Dexmedetomidine suppresses glucose-stimulated insulin secretion in pancreatic β-cells.

Autor: Kusunoki M; Department of Anesthesiology, Kansai Medical University, Hirakata, Osaka, Japan., Hirota K; Department of Pain Clinic Medicine, Minamiuonuma City Hospital, Minamiuonuma, Niigata, Japan., Shoji T; Department of Anesthesiology, Mitoyo General Hospital, Kan-onji, Kagawa, Japan., Uba T; Department of Anesthesiology, Kansai Medical University, Hirakata, Osaka, Japan., Matsuo Y; Department of Human Stress Response Science, Institute of Biomedical Science, Kansai Medical University, Hirakata, Osaka, Japan., Hayashi M; Department of Cell Physiology, Institute of Biomedical Science, Kansai Medical University, Hirakata, Osaka, Japan.
Jazyk: angličtina
Zdroj: FEBS open bio [FEBS Open Bio] 2024 Dec 20. Date of Electronic Publication: 2024 Dec 20.

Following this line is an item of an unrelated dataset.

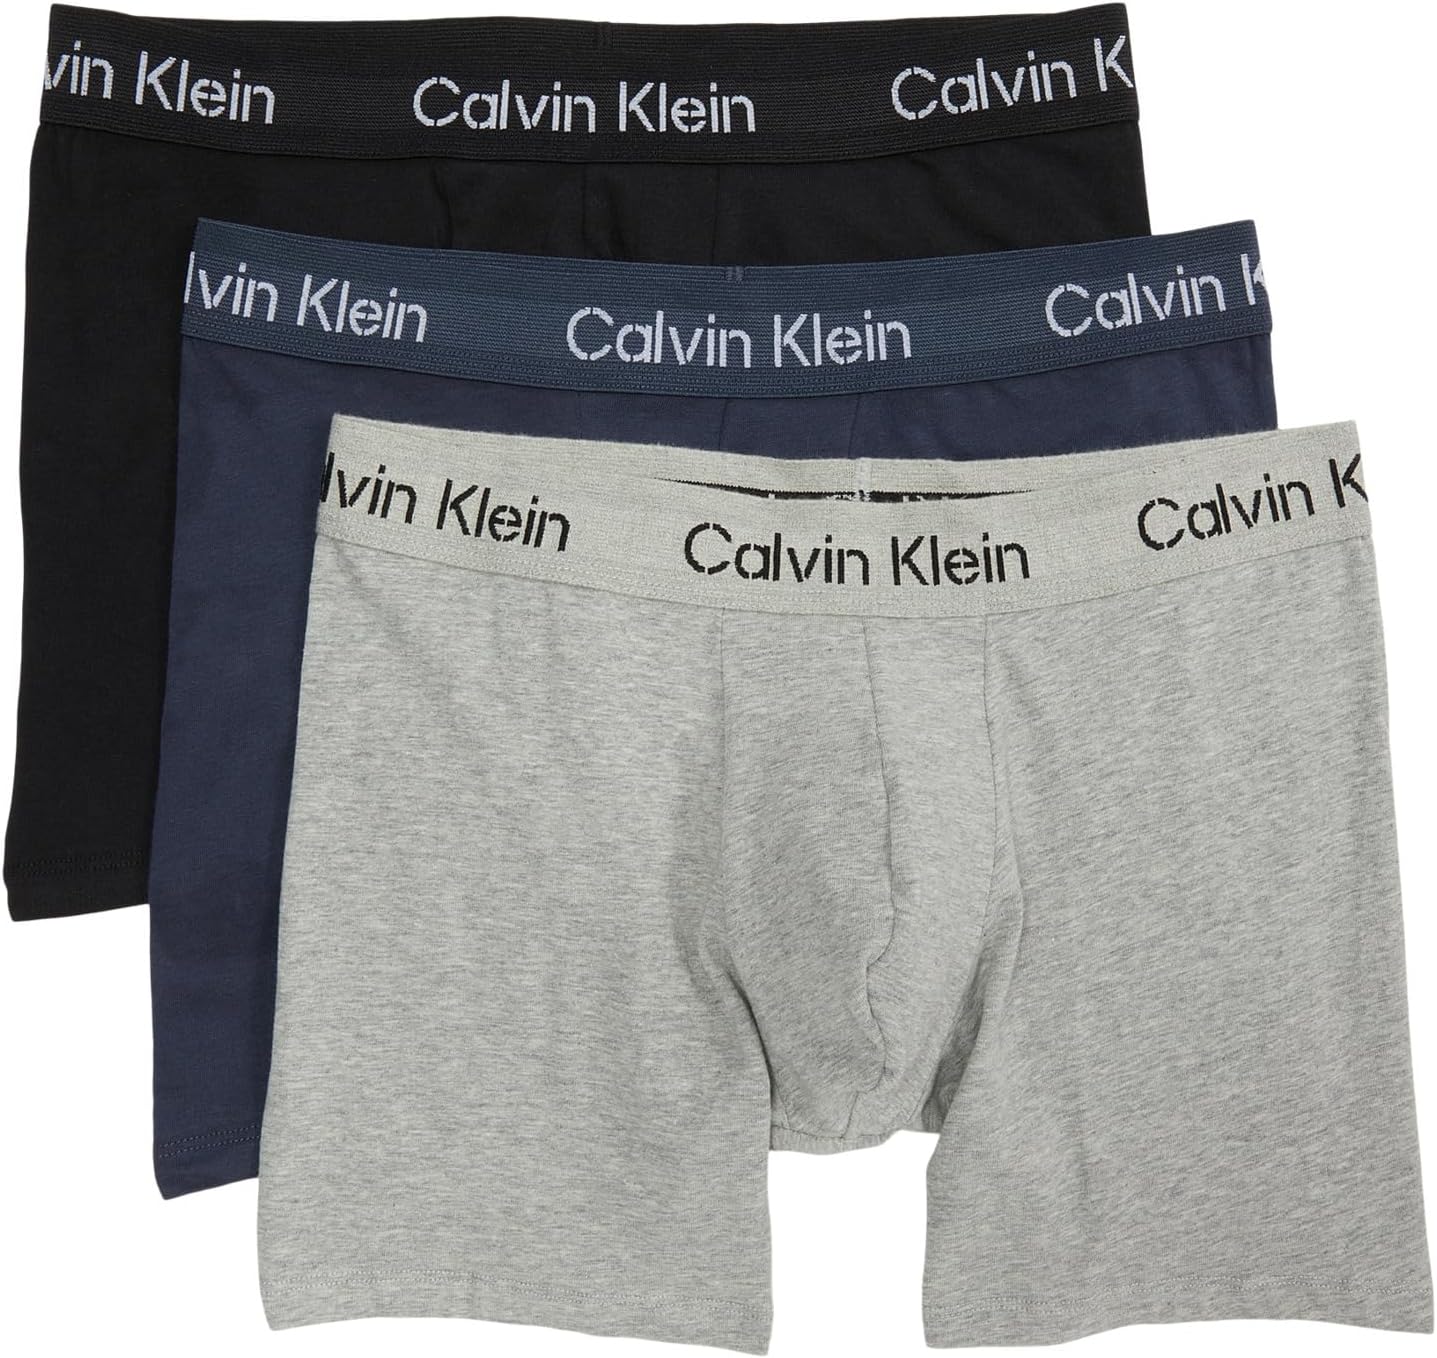 Комплект боксеров-боксеров из хлопка стрейч цвета хаки, 3 шт. Calvin Klein Underwear, цвет Black/Speakeasy/Grey Heather

DOI: 10.1002/2211-5463.13960
Abstrakt: Proper glycemic control is crucial for patient management in critical care, including perioperative care, and can influence patient prognosis. Blood glucose concentration determines insulin secretion and sensitivity and affects the intricate balance between the glucose metabolism. Human and other animal studies have demonstrated that perioperative drugs, including volatile anesthetics and intravenous anesthetics, affect glucose-stimulated insulin secretion (GSIS). Dexmedetomidine (DEX) decreases insulin release and affects glucose metabolism; however, the specific mechanism underlying this phenomenon remains largely unknown. Thus, we investigated the effect and mechanism of DEX on insulin secretion using mouse and rat pancreatic β-cell-derived MIN6 and INS-1 cell lines and primary pancreatic β-cells/islets extracted from mice. The amount of insulin secreted into the culture medium was determined using an enzyme-linked immunosorbent assay. Cell viability, cytotoxicity, and electrophysiological effects were investigated. Clinically relevant doses of DEX suppressed GSIS in MIN6 cells, INS-1 cells, and pancreatic β-cells/islets. Furthermore, DEX suppressed insulin secretion facilitated by insulinotropic factors. There was no significant difference in oxygen consumption rate, intracellular ATP levels, or caspase-3/7 activity. Electrophysiological evaluation using the patch-clamp method showed that DEX did not affect ATP-sensitive potassium (K ATP ) channels, voltage-dependent potassium channels, or voltage-gated calcium channels. We demonstrated that clinically relevant doses of DEX significantly suppressed GSIS. These findings suggest that DEX inhibits a signaling pathway via α2-adrenoceptor or insulin vesicle exocytosis, resulting in GSIS suppression. Our results support the hypothesis that DEX suppresses insulin secretion and reveal some underlying mechanisms.
(© 2024 The Author(s). FEBS Open Bio published by John Wiley & Sons Ltd on behalf of Federation of European Biochemical Societies.)